After serving as director of the Office of Cultural and Recreational Affairs for eight years, Miller was appointed in 1970 by Chancellor Young as UCLA’s first vice chancellor for student and campus affairs.
“Asking Norm to serve as UCLA’s first vice chancellor for student and campus affairs in 1970 was only appropriate, given Norm’s record of commitment to the quality of student life at UCLA. Together with other stalwarts of UCLA’s past, such as the late Barney Atkinson and Chuck McClure, Norm developed an organizational approach to campus activities and student life at UCLA that has been the foundation for the past three decades and more,” former Chancellor Young said.

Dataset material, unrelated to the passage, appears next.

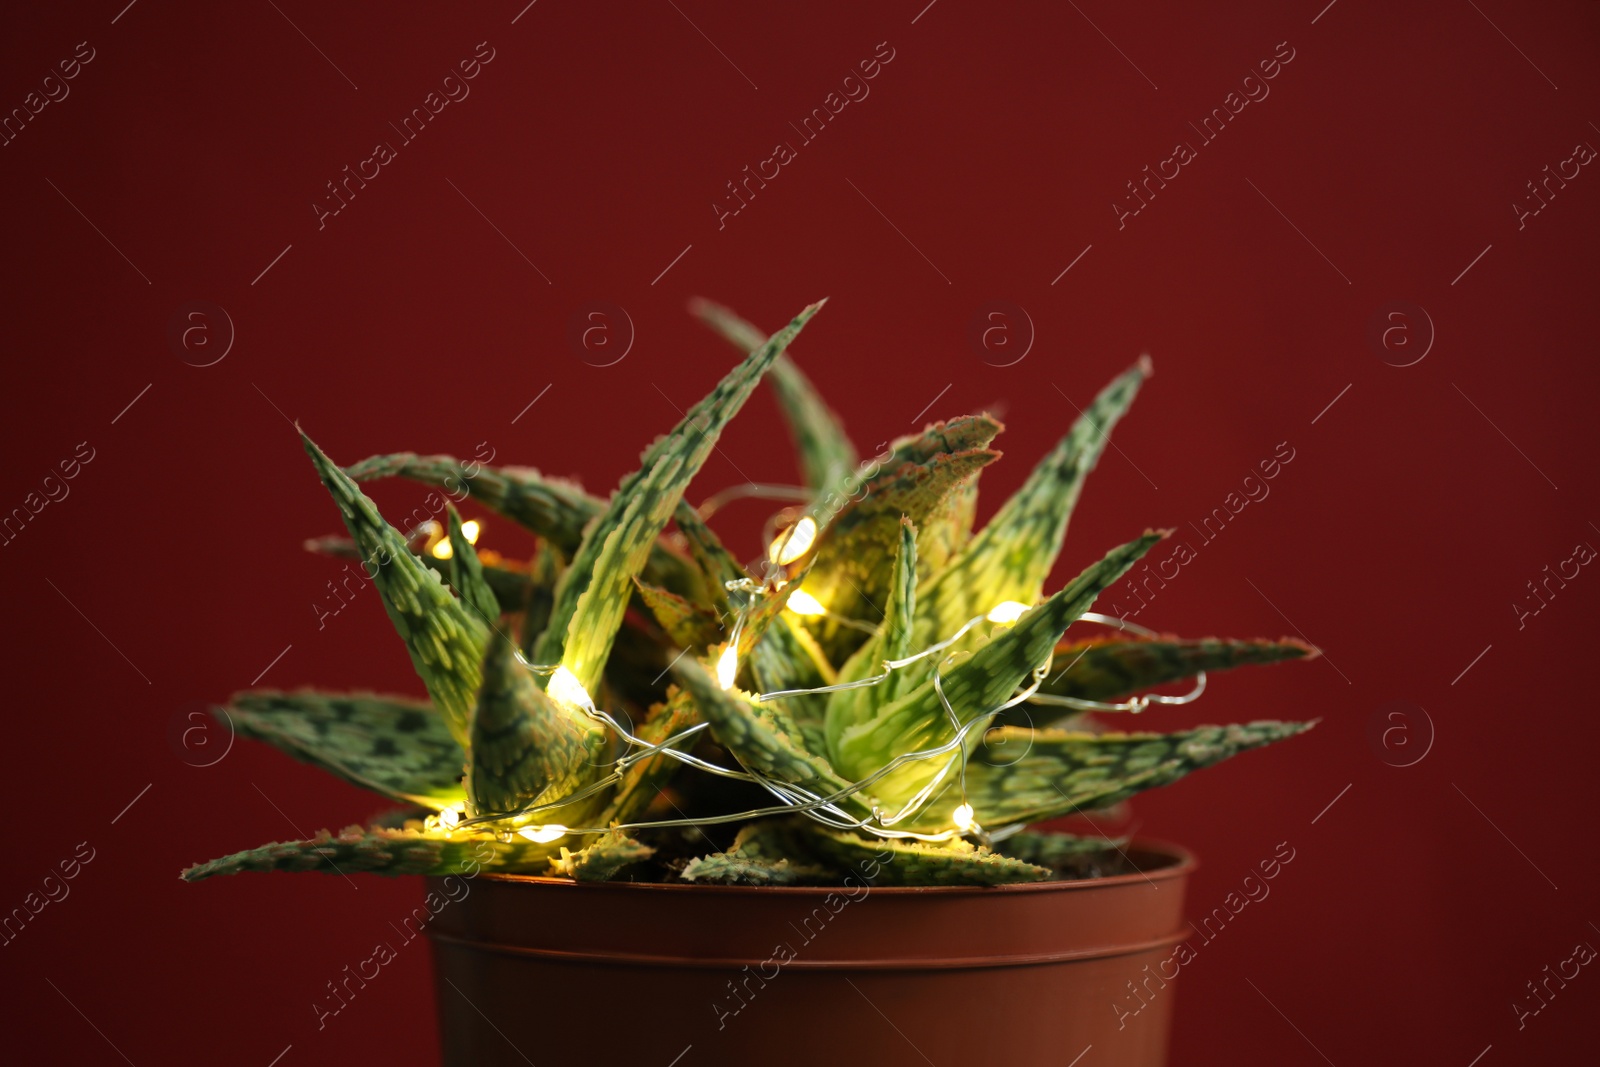 Photo of Cactus decorated with glowing fairy lights on red background, closeup

In 1977 and 1978, Miller had a direct role in two other major milestone events at UCLA. He served as UCLA’s representative on the City of Los Angeles delegation that traveled to Athens to meet with the International Olympic Committee leadership to submit the bid of the City of Los Angeles to host the 1984 Olympics. At the same time, he oversaw the effort for a successful student referendum to approve a student fee for the construction of an indoor recreation facility near Pauley Pavilion and the Ackerman Student Union, now known as the John Wooden Center, named for UCLA’s legendary men’s basketball coach who had retired in 1975.
In 1979, at the age of 61, Miller stepped down as vice chancellor and headed UCLA’s 1984 Olympics office to help coordinate campus planning and receive foreign visitors during the following five years. “Having Norm lead the on-campus UCLA Olympics office following his retirement in 1979 was a capstone role for him,” former Chancellor Young said. “Norm told me of his memories of how, as a 14-year-old youth, he had sold newspapers outside the Coliseum during the 1932 Olympics in Los Angeles. Having the 1984 Olympics return to Los Angeles a half-century later and being able to have a pivotal role in UCLA’s role meant a great deal to him.”

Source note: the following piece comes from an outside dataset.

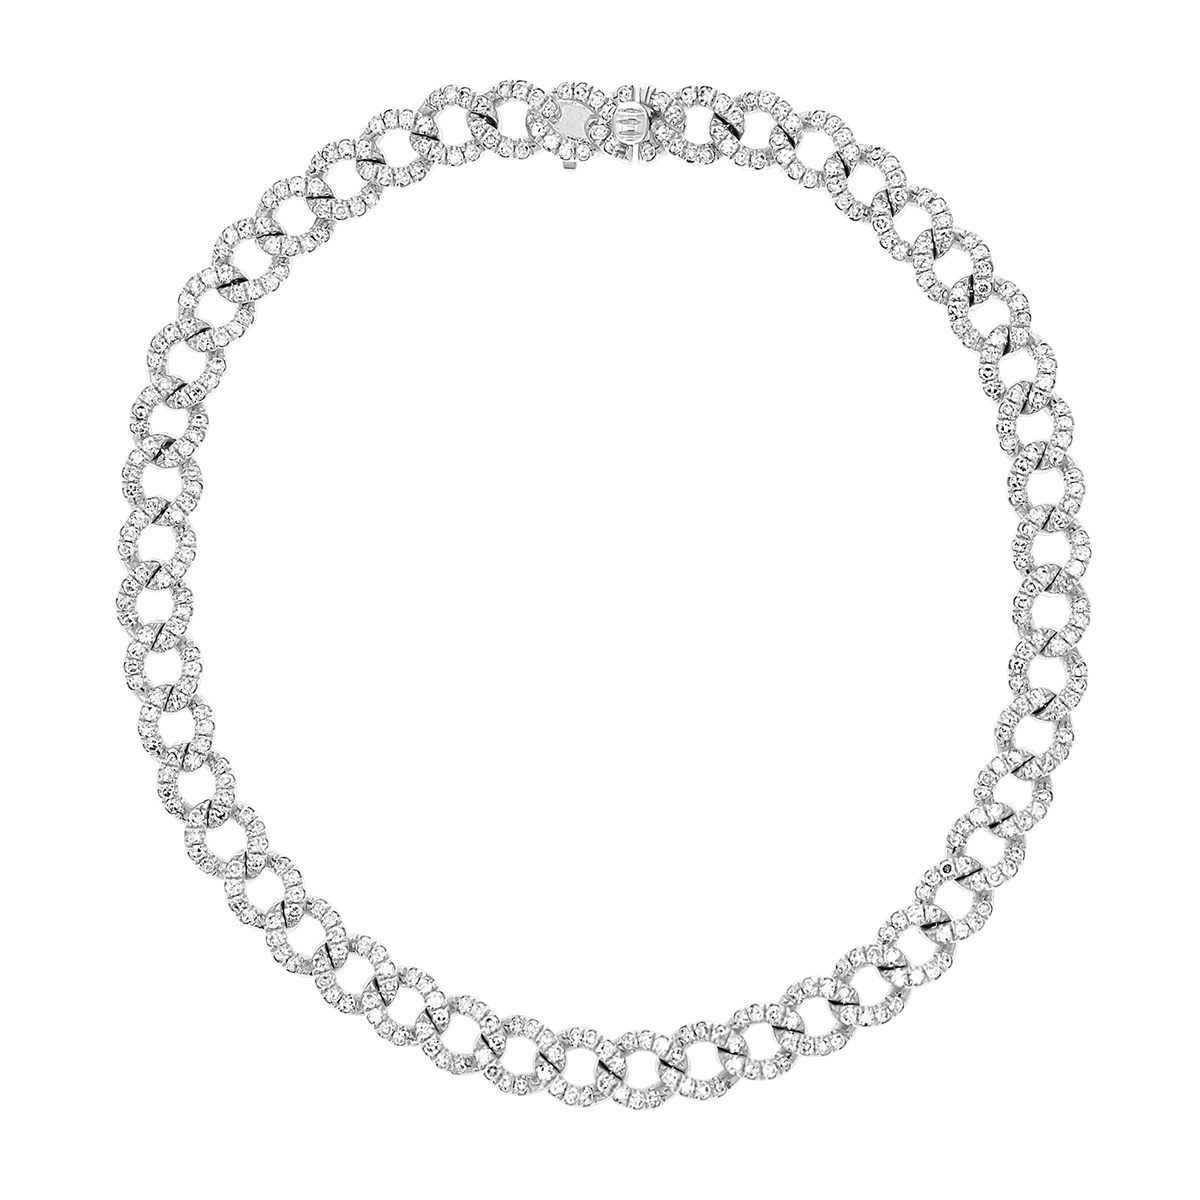 Diamond Cuban Link Bracelet 14K White Gold / 7.5 Inches by Baby Gold - Shop Custom Gold Jewelry

Miller is survived by his wife, Nadine, and sister, Barbara Skinner. In lieu of flowers, the family encourages that contributions in his memory be made to Special Olympics-Southern California, 5875 Green Valley Circle, Suite 200, Culver City, CA 90230 (http://www.sosc.org/donation.html; phone: 310-215-8380).
Funeral services were held at the Chapel of the Oaks at Eternal Valley Memorial Park in Newhall on Sept. 11. A memorial service will also be scheduled at a later time at the Sunset Canyon Recreation Center on the UCLA campus.